Enable smarter conversations with your AI agents.

The latest and greatest technologies are bound to have some quirks. This is certainly the case with Large Language Models (LLMs) like GPT, a tool many businesses are now leaning on for seamless digital interactions with customers, staff, and the general public. While these models are undoubtedly impressive, they come with their own set of limitations, including the issue of retaining chat history. As a chat progresses, there’s a threshold beyond which these models can’t remember. This threshold is known as a “token limit”, roughly translated to a limit in how many words it can consider as an input. In practice, this means that as users dive deeper into a conversation with a LLM-based AI agent, earlier parts of the conversation start fading away.

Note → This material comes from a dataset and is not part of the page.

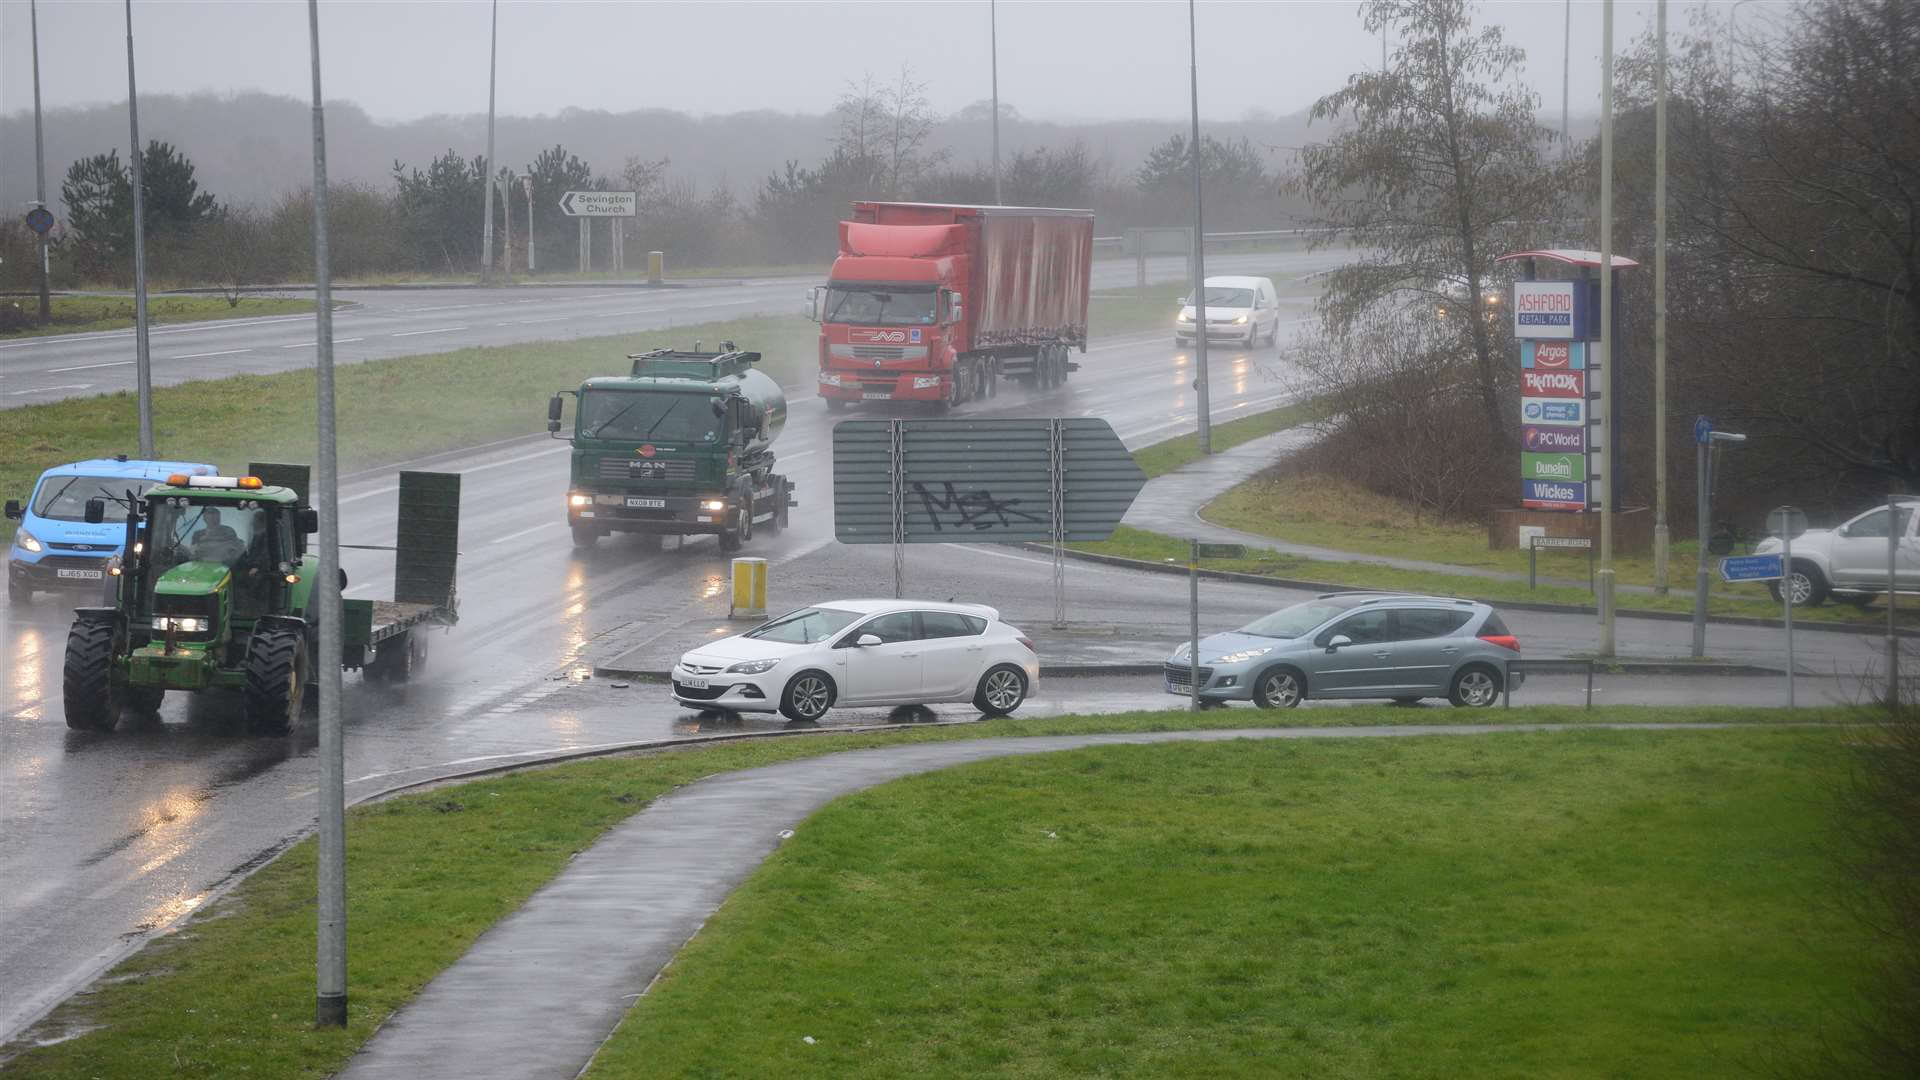 Vehicles turning out of Barrey Road onto the A2070 dual carriageway

It’s akin to conversing with someone who is listening in the moment but has no long-term memory, such as a husband. And its part of the reason why, if you have ever experimented online with a LLM such as ChatGPT, you will be familiar with how chats are held in isolated “conversations”. LLMs can only process so many messages as input. The conventional solution? Trim the earlier parts of the chat as we reach the token limit. But this approach isn’t going to work for creating believable, useful autonomous agents – of course we can do better!

Truncating chat history has obvious problems: essential context gets lost, and the conversation’s depth is compromised. There’s a better way.

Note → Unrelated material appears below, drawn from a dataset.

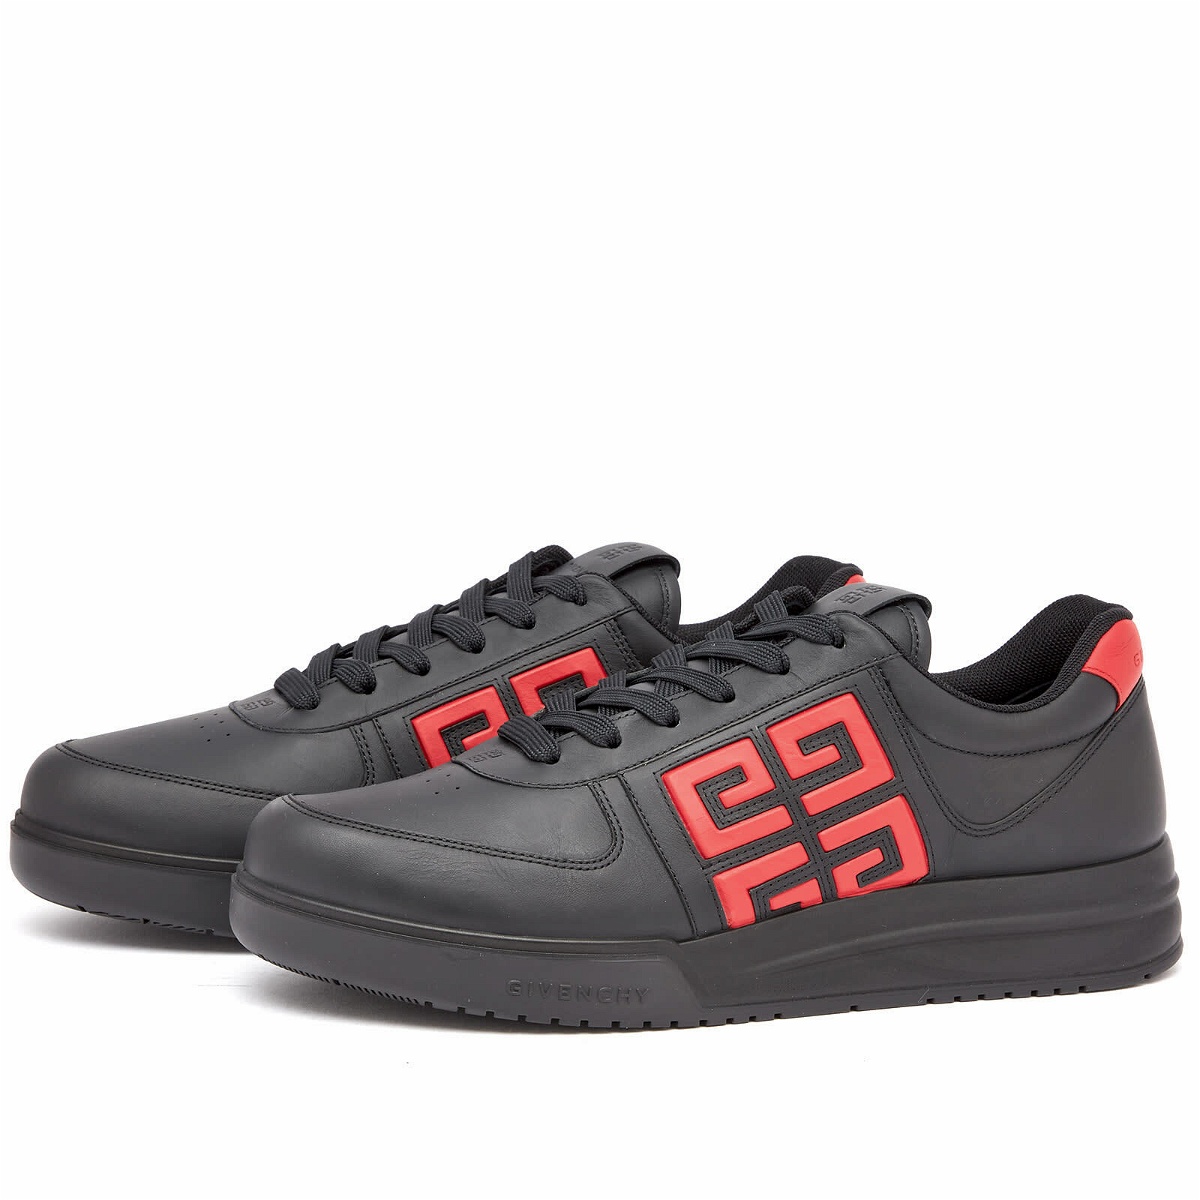 Photo: Givenchy Men's G4 Low Top Sneakers in Black/Red

Limiting length without information loss: aka “compression”

Clearly, there are better ways to handle this by simply thinking about it in terms of compression. And it turns out we can even get some cost efficiency, if we do it right. Instead of simply truncating the chat history, what if we summarized it to later “prime” our AI agent with the backstory? Sounds like another great job for a language model, and by using a model with more cost-effective processing like GPT-3, we can do exactly that: distill lengthy chats into concise summaries, ensuring that our primary conversational model always has the essence of the discussion at hand.

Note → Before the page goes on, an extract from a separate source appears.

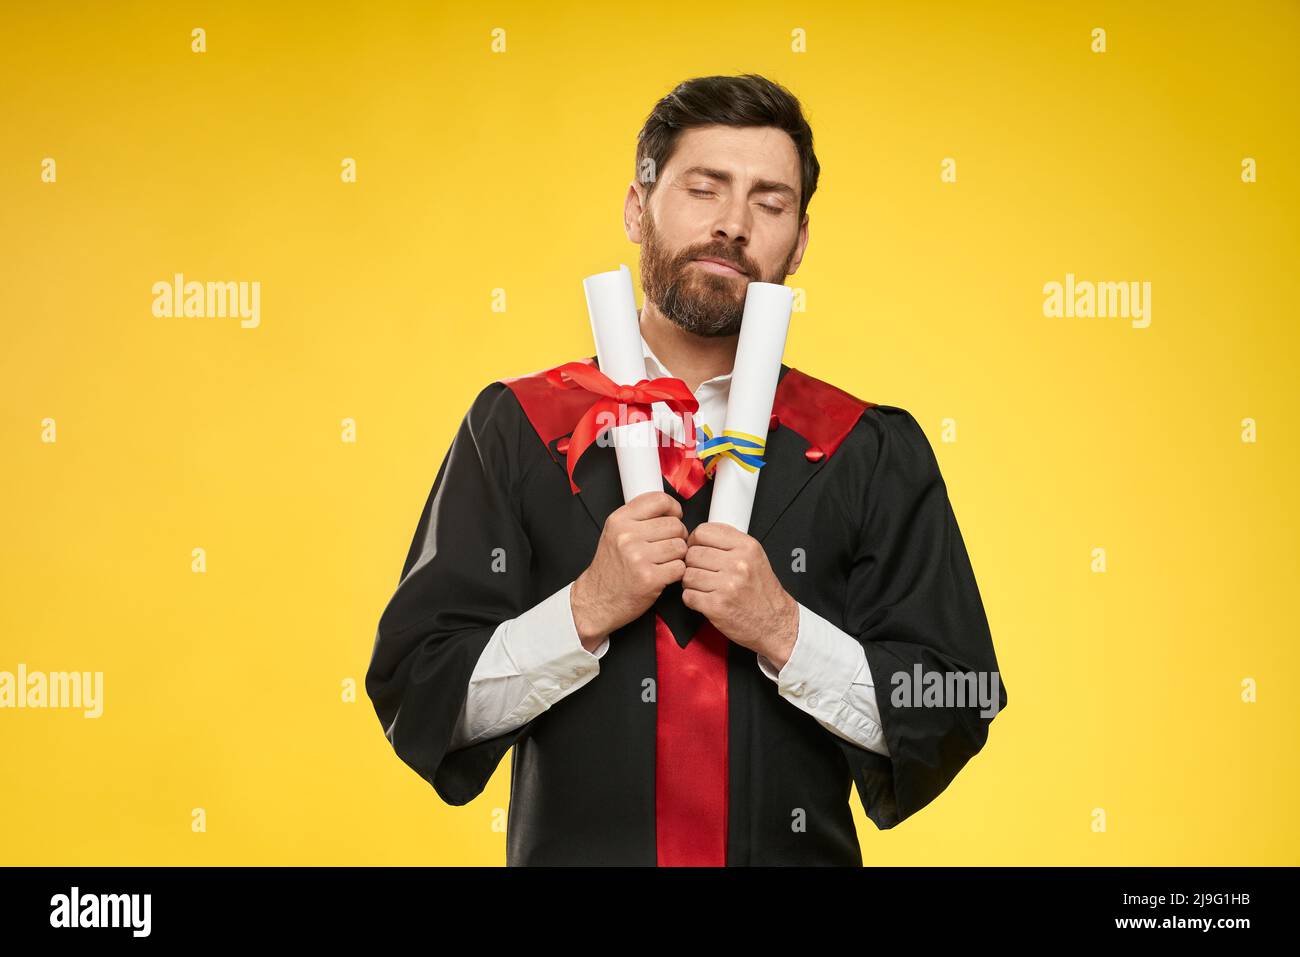 Front view of bachelor, master standing, holding two diplomas. Student wearing graduate gown and mortarboard, happy, glad with closed eyes. Isolated on yellow studio background. Stock Photo

Here’s a glimpse into how that might look in code:

def summarize_chat_history(chat_history):
    # Using GPT-3 to summarize the chat
    response = openai.Completion.create(
      model="gpt-3.5-turbo",
      messages=[
            {"role": "system", "content": "You are an AI, tasked with condensing a chat history into a comprehensive paragraph for an LLM such as GPT. Kindly return only the summarized content."},
            {"role": "user", "content": chat_history}
        ]
    )
    summary = response.choices[0].message['content']
    return summary

def chat_with_gpt4(messages):
    # Summarize if the chat history is too long
    if len(" ".join([msg["content"] for msg in messages])) > SOME_THRESHOLD:
        summarized_history = summarize_chat_history(" ".join([msg["content"] for msg in messages]))
        # Use the summarized chat as a system message to give context to GPT-4
        messages.append({"role": "system", "content": summarized_history})
    
    response = openai.Completion.create(
      model="gpt-4.0-turbo",
      messages=messages
    )
    
    return response.choices[0].message['content']

 

With this approach, the challenges posed by LLM token limits are significantly lessened. As it often happens, innovative solutions emerge from the very tools we’ve been working with all along.